Turk and Dearman [13] proposed an equation for correlation of UCS test results to L/D ratio of 2. An equation was given for normalisation of test results to a length-to-diameter ratio of two and 50 mm diameter. Within the range of 1–4 of L/D ratio error was found to be less than 10%.

Agustawijaya [1] conducted UCS on the number of samples of soft rock considering dry and saturated conditions. From the results, it was observed that the strength reduced remarkably on saturation. One of the causes of strength reduction is weathering. Distinctly weathered rock gives less strength than partially weathered rock. UCS values for the soft rock were found to be lesser than 20 MPa, while for some samples value approached as low as 1 MPa, which is very low for rock material. An equation relating UCS and L/d ratio was also proposed. It was also reported that L/D ratio has no significant influence on UCS values. As regards, influence of dry density on UCS, it was reported that UCS increases with dry density.

Ergun and Nilsun [5] investigated the effect of L/D ration and shape on UCS for the dry cores of seven rocks with L/d ratios of 1–2.5. For the tested rocks, correlation formula was obtained. UCS values obtained for lesser loading time did not show significant difference as compared to loading time of 8–10 min. Derived equation for conversion of UCS values obtained on different L/d ratios to standard value of 2.5 was applicable to the nine rock types such as basalt, pink andesite, grey andesite, limestone, marble, siltstone, dubham dolomite, westerly granite and mizuho trachyte which were tested during the study.
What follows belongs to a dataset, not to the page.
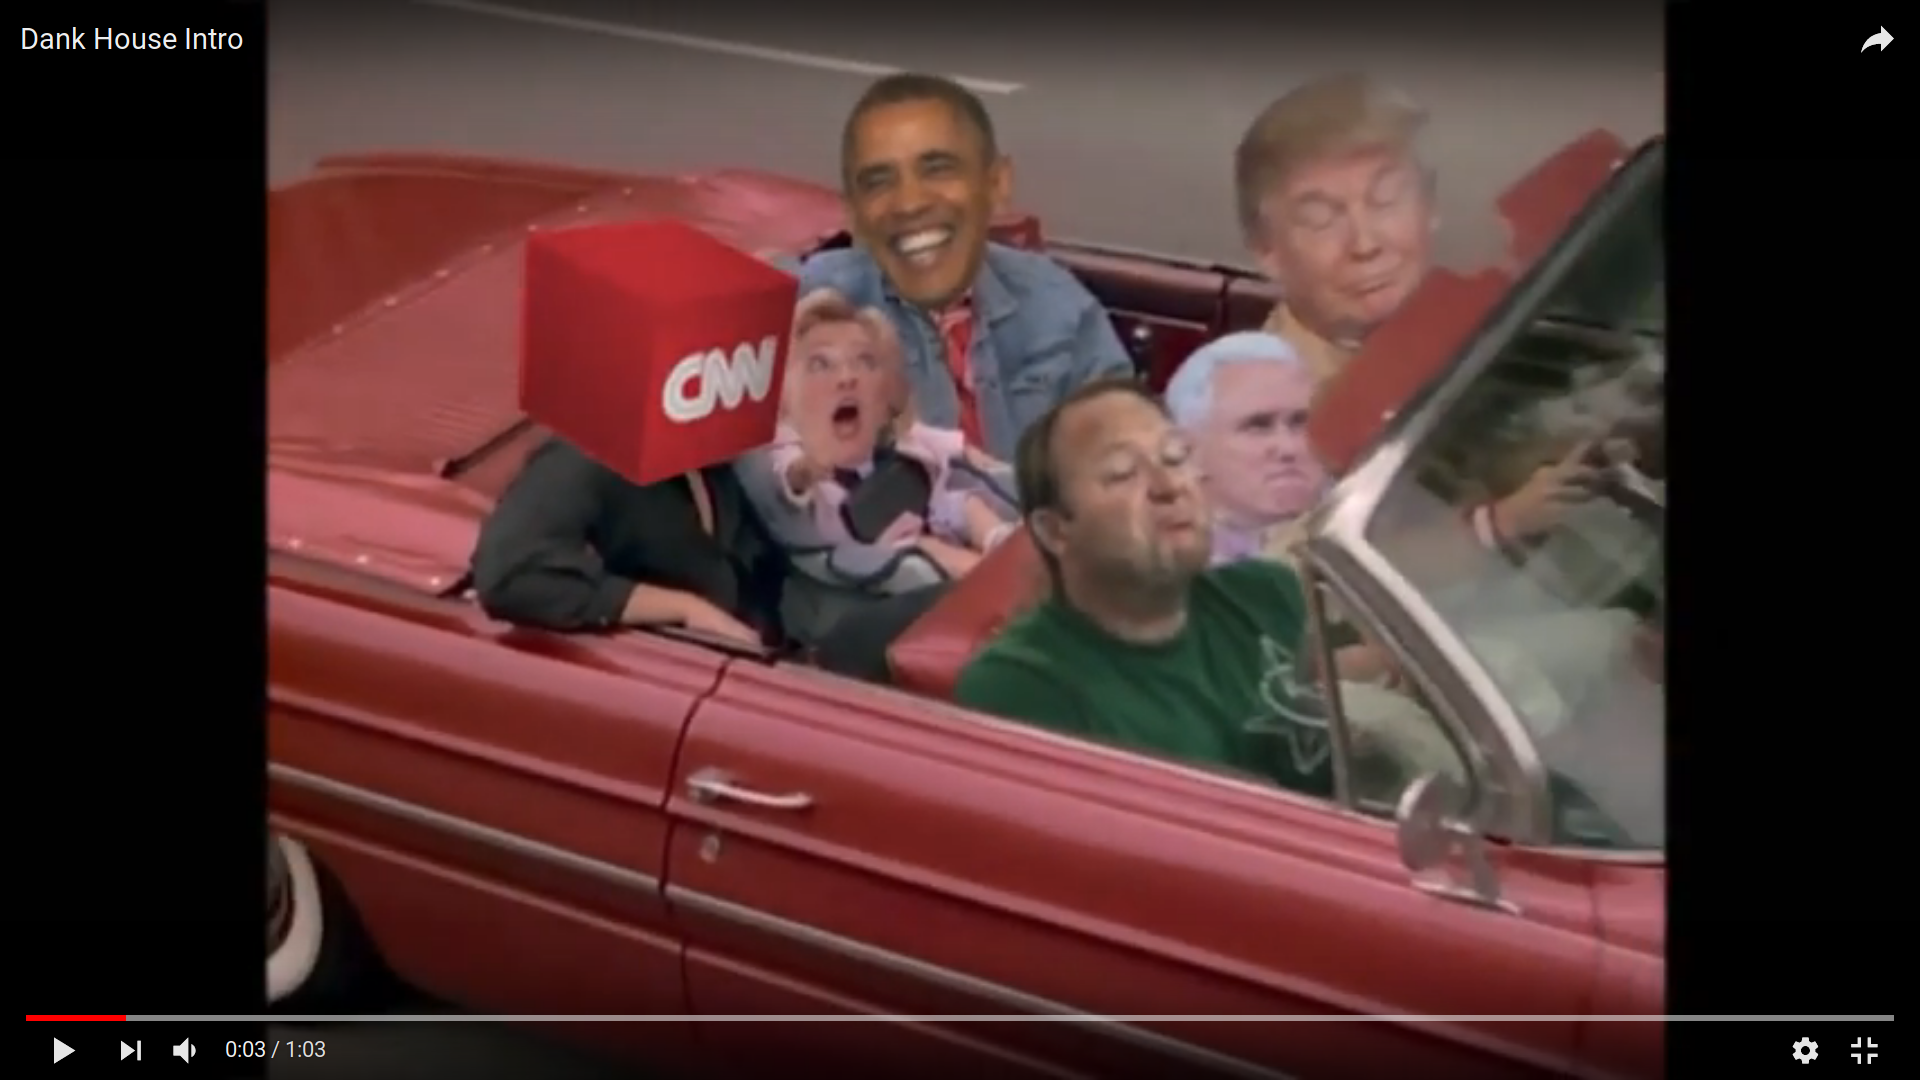 FULL HOUSE CNN OBAMA HILLARY IN BACK and TRUMP PENCE ALEXJONES IN FRONT of the red car.png

2 Occurrence and Distribution of Laterites

In 1807, Buchanan [3] first defined and named in Southern India a laterite formation. He named it from the Latin term Later laterite, meaning bricks. Laterites are iron and aluminium rich residues of chemical decomposition and leaching of parent rocks in situ under warm, humid tropical climate. Alternatively, they could be described as low temperature and pressure alteration products of weathering of rocks under warm, monsoon climate. The process of prolonged chemical weathering of rock is called as lateralisation.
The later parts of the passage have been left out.